August 26, 2010
Fight
I’m so frusterated.
I want to scream, cry, yell, run until my lungs feel like their about to burst. I want to punch something. I want to be alone, I want my old life back. Happy? I said it. I’ve been thinking about it, wrestling with those thoughts, fighting these feelings but really?
This whole week has shown me that I’m not built for the real world yet. I’m just not. I can’t deal with stress, I’m overwhelmed. I’m tired, I’m sleepy. I’m hurting.
Bad news just keeps coming. My mom will be in the hospital longer then expected. Something is wrong with her bladder now. First it was her heart, then her blood, now her bladder. I don’t know what they will fix first. I’ll admit that I’m scared right now.
Back to my old life. I want my old life back. I’m tired of trying to keep up with being happy. It’s much easier to be sad and depressed. I’m not built for all this. I can’t deal with this stress. I was coping fine with finding a place to live. But my life for the past week has been Hospital -> nap in the hospital lobby during rest period -> hospital -> home -> restless sleep. I haven’t been eating. I have so much more to worry about like moving, and paying bills.

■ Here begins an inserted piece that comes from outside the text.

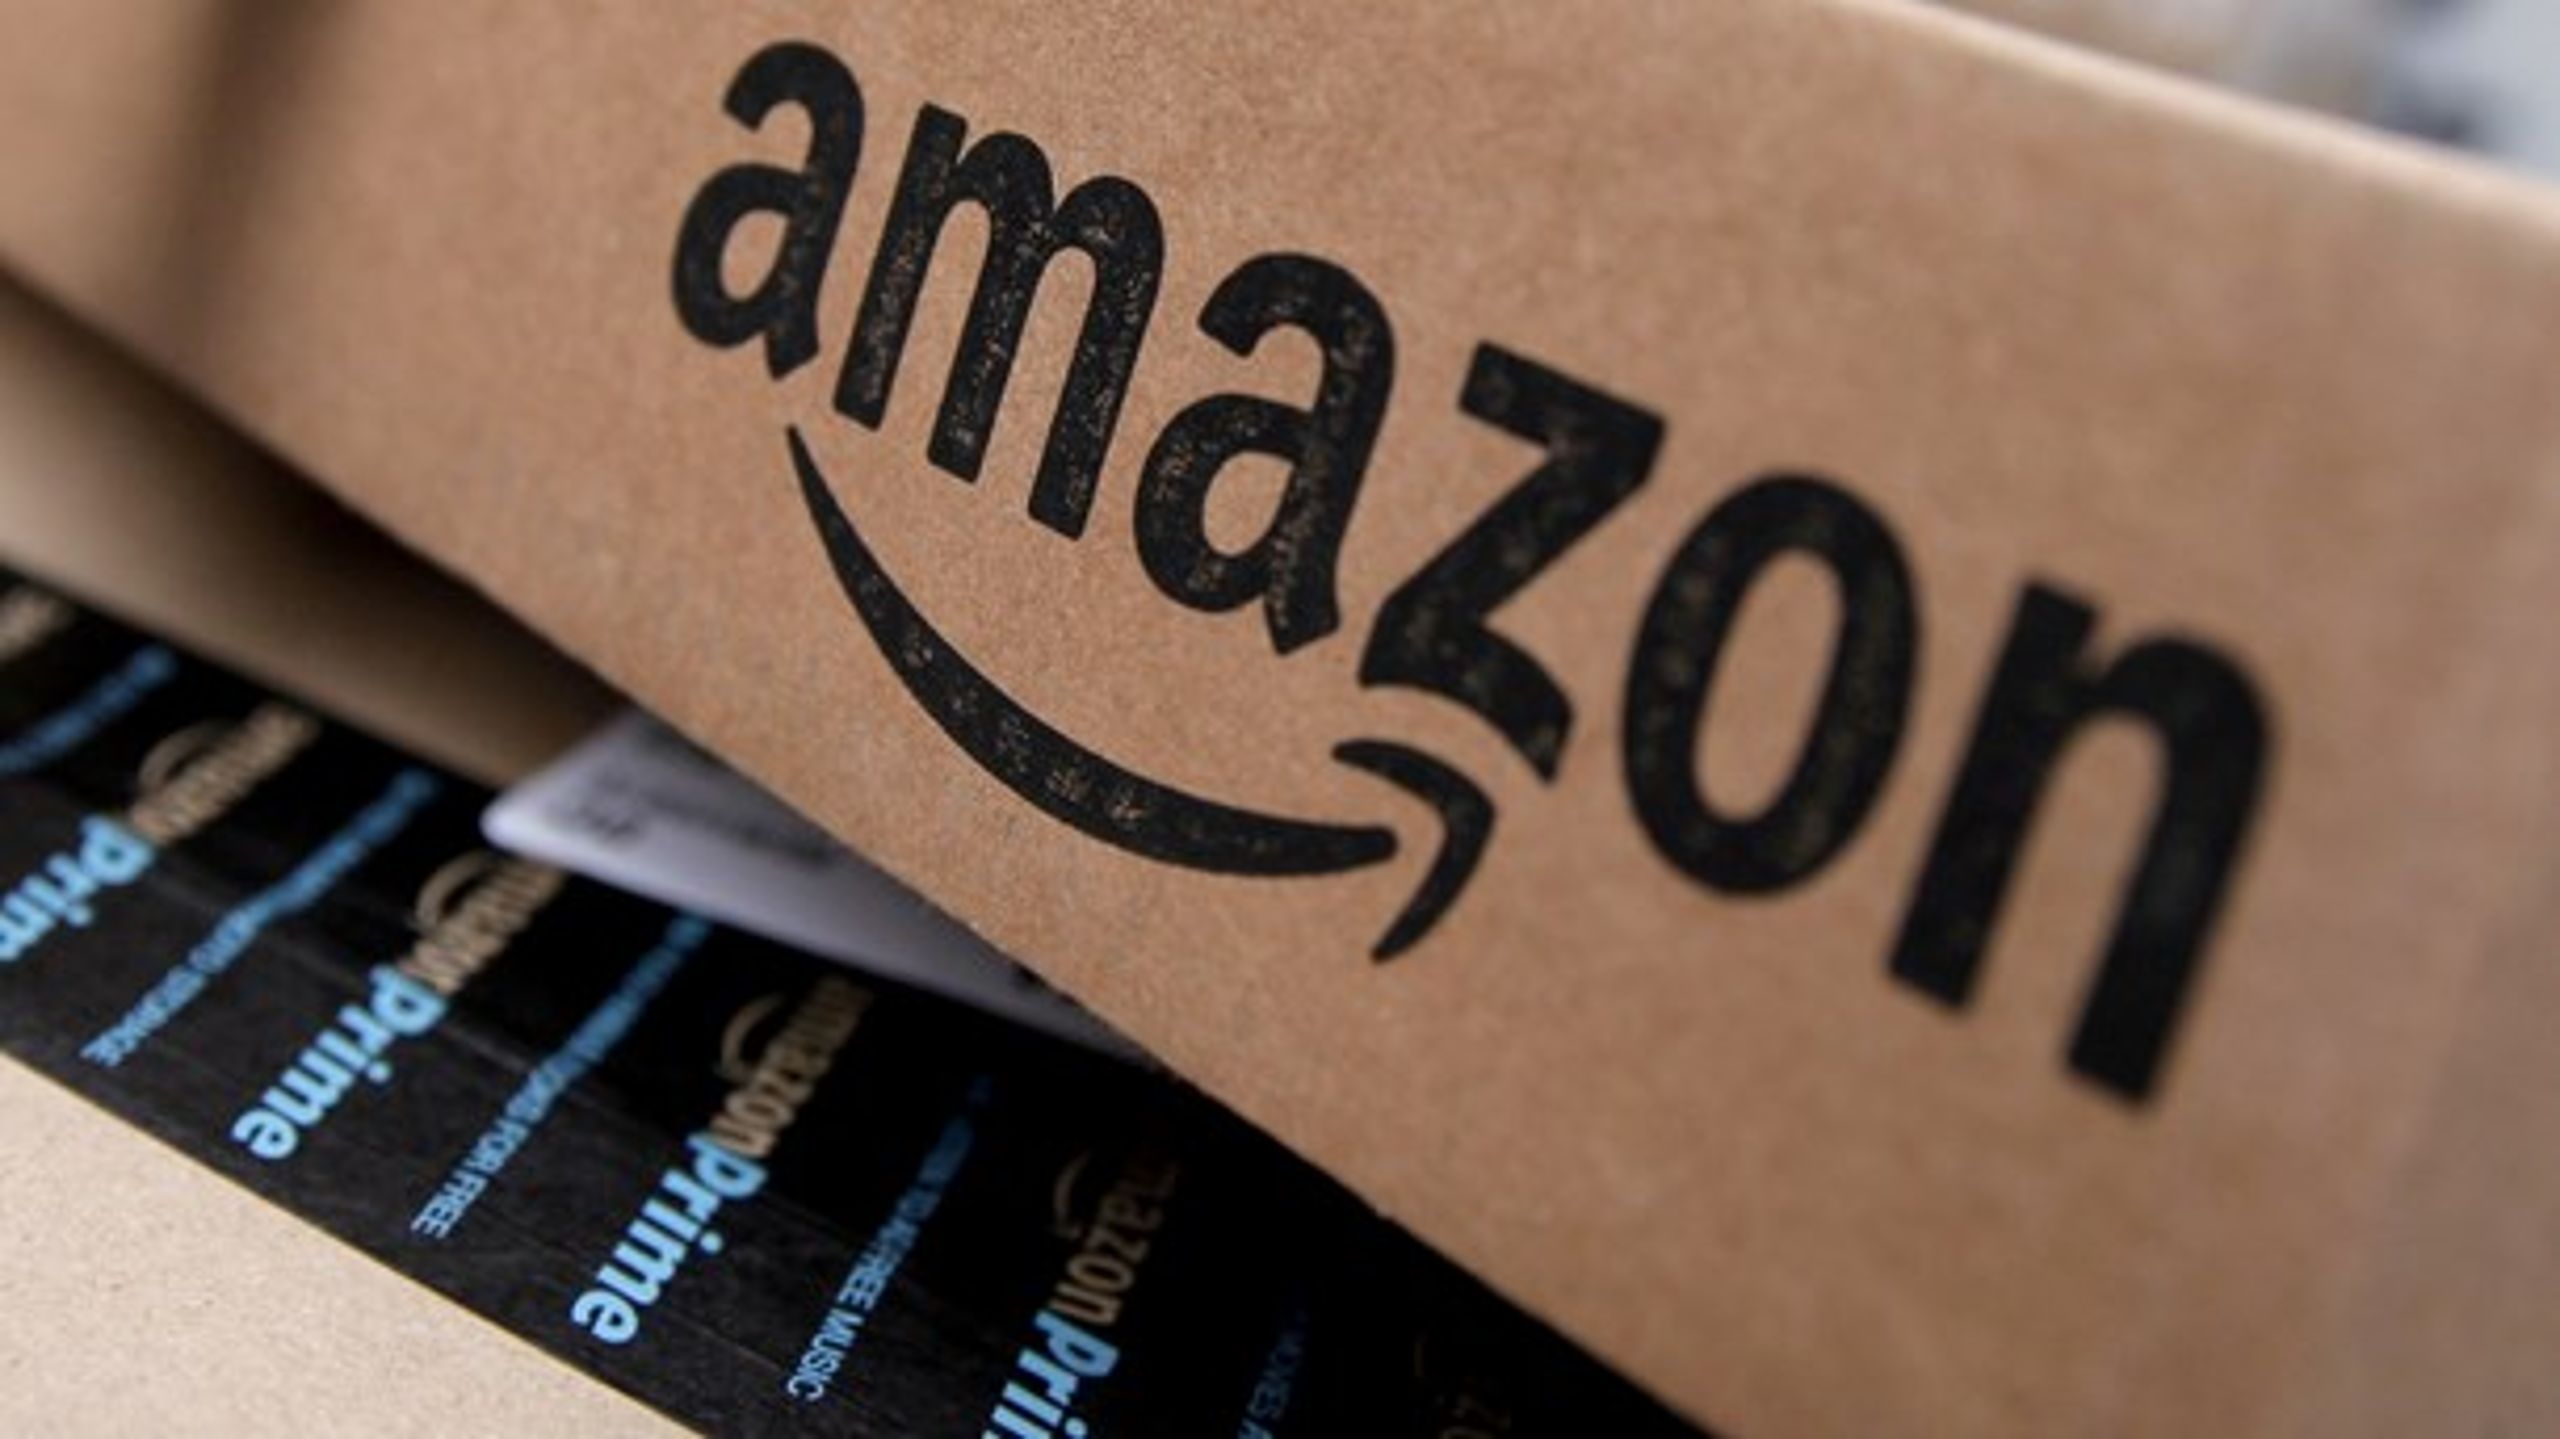 Den danske bogbranche frygter, at Amazon køber rettighederne op til den danske litteraturhistorie og sælger hele molevitten på et brandudsalg, fortæller Niels Frid-Nielsen.

On the plus side I did find an apartment today. I don’t like it, but its livable. Laurel was really worried with my moving back in with my mom as she thought I would be taking a step in the wrong direction. At this point, I don’t care. I got harped at because I didn’t want to move home. My nan managed to upset my mom again. Her heartrate was in the 90′s when that happend, nurse had to tell her to calm down.. I’m rambling, I’m sorry.
I tried to find a place to stay tonight because I couldnt bare staying in that house alone again. I was so close to that bottle of pills tonight. I was really fighting it til it got the point that I thought I should check into the hospital because my mental health is fragil right now and if I didn’t get out of there, I’m sure the pills would have won.
I’m staying with Jane for the night. Shes taking care of me and I’m truely thankful for that.
I’ll force food down and try to get some sleep, because I’m sure it will be a harder battle to fight tomorrow.